Rocker Ozzy Osbourne has admitted "my time’s going to come" in a new interview where he discusses his ongoing health problems.
Photos emerged last week of the legendary wild man walking with a stick and looking frail, raising fans' fears about the star given how he's been battling a number of issues in recent years.
Ozzy has had to fight pneumonia, coronavirus and continues to struggle with Parkinson's, a variation of which he was first diagnosed with nearly 20 years ago.
In fact, the latter saw the Black Sabbath singer recently apply for a 'rehabilitation wing' to be added to Welders House – his country mansion in Buckinghamshire – ahead of he and his wife Sharon's move back to the UK from the US.
What is more, the injuries he sustained in a quad bike accident in 2003 were further aggravated in 2019 when he fell whilst at home in America.
And he was candid about how much longer he has left in an interview with Classic Rock magazine.
"I'm just waiting on some more surgery on my neck," the 73-year-old said, referencing complications from the 2003 crash.
"I can't walk properly these days and I have physical therapy every morning."
Asked if, after decades of heavy drinking and drug addiction, he was surprised to have made it this far, Ozzy replied, "Absolutely.
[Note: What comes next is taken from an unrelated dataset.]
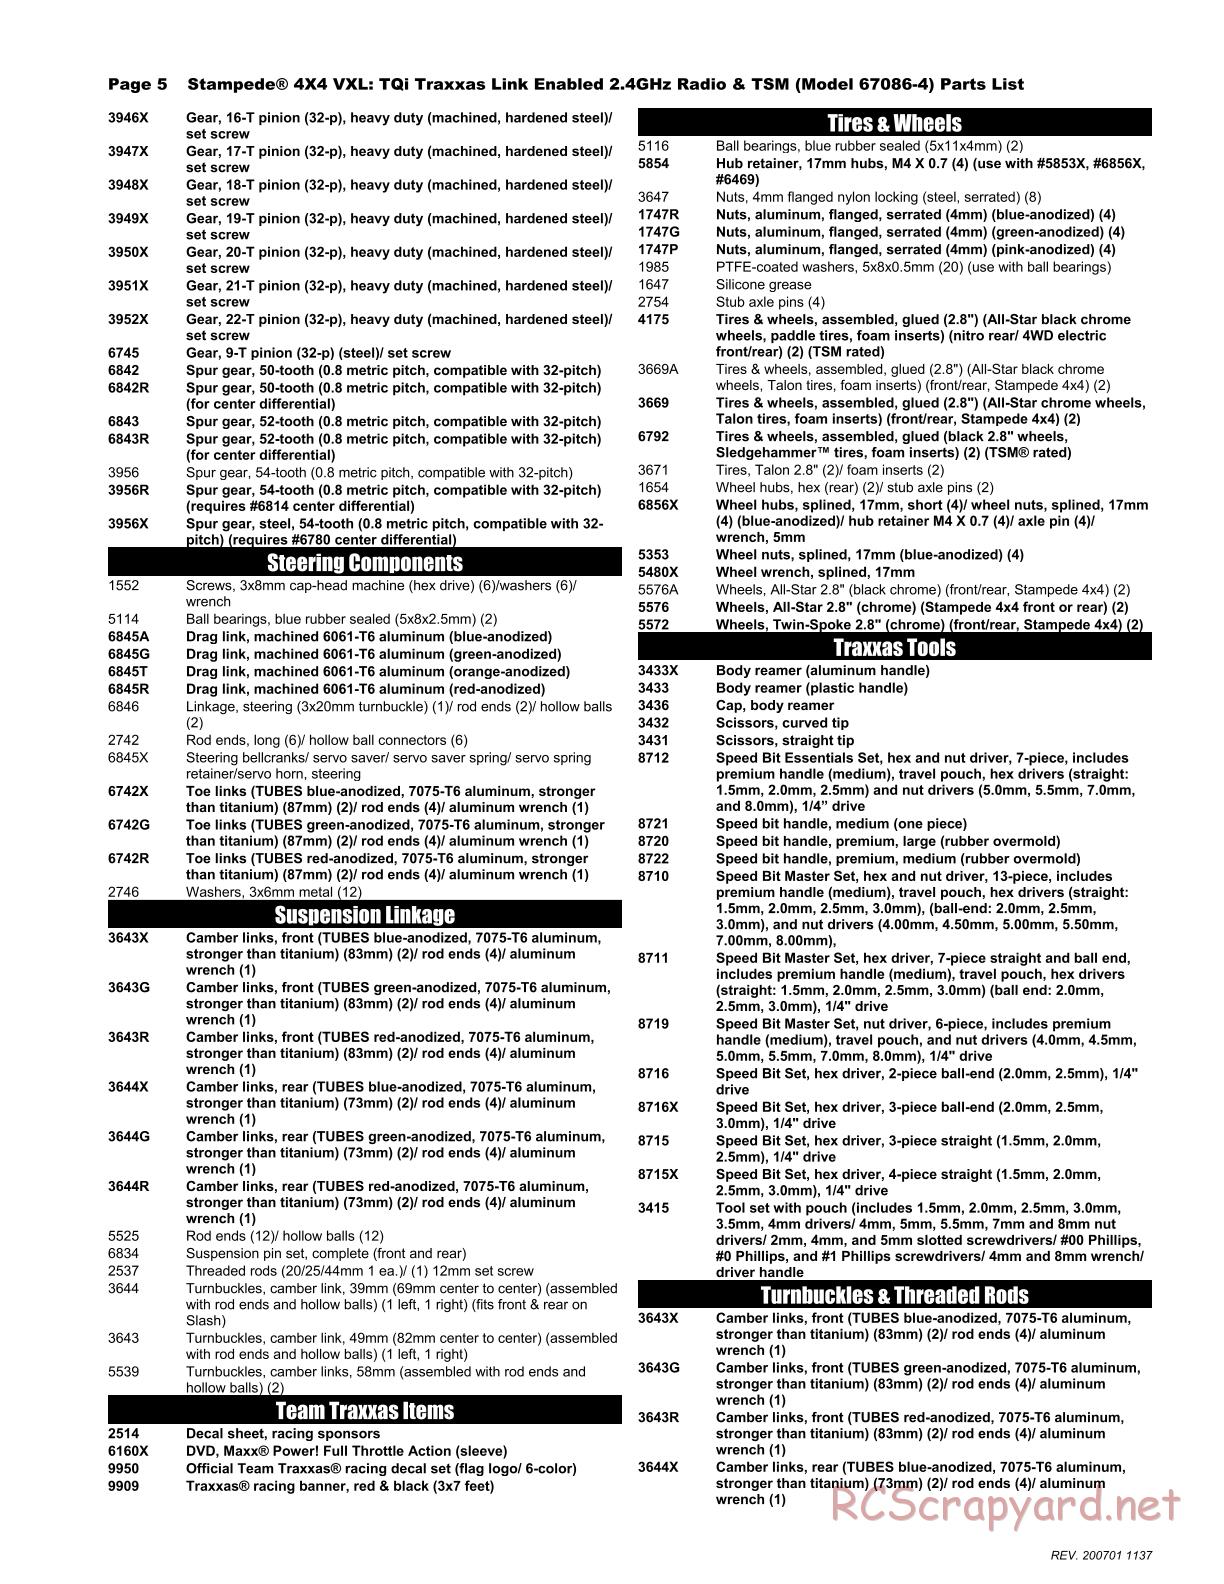 Traxxas - Stampede 4x4 VXL TSM - Parts List - Page 5

So are a lot of people."
He added: "At f***ing seventy-three I've done pretty well. I don't plan on going anywhere, but my time’s going to come."
Ozzy also tested positive for Covid in April and Sharon, 69, pulled out of her new show, The Talk, on TalkTV to return to LA to care for her husband.
But, while he continues to work on his recovery, the resilient headbanger added that he couldn't wait to perform again.
The dates for his farewell tour have been moved back to 2023 and he has no plans to quit making records.
"I am taking my recording studio with me (when we move back to England)," he said.
"I am going to build a barn there and make my own studio at Welders. I will still be making music and my band will come over."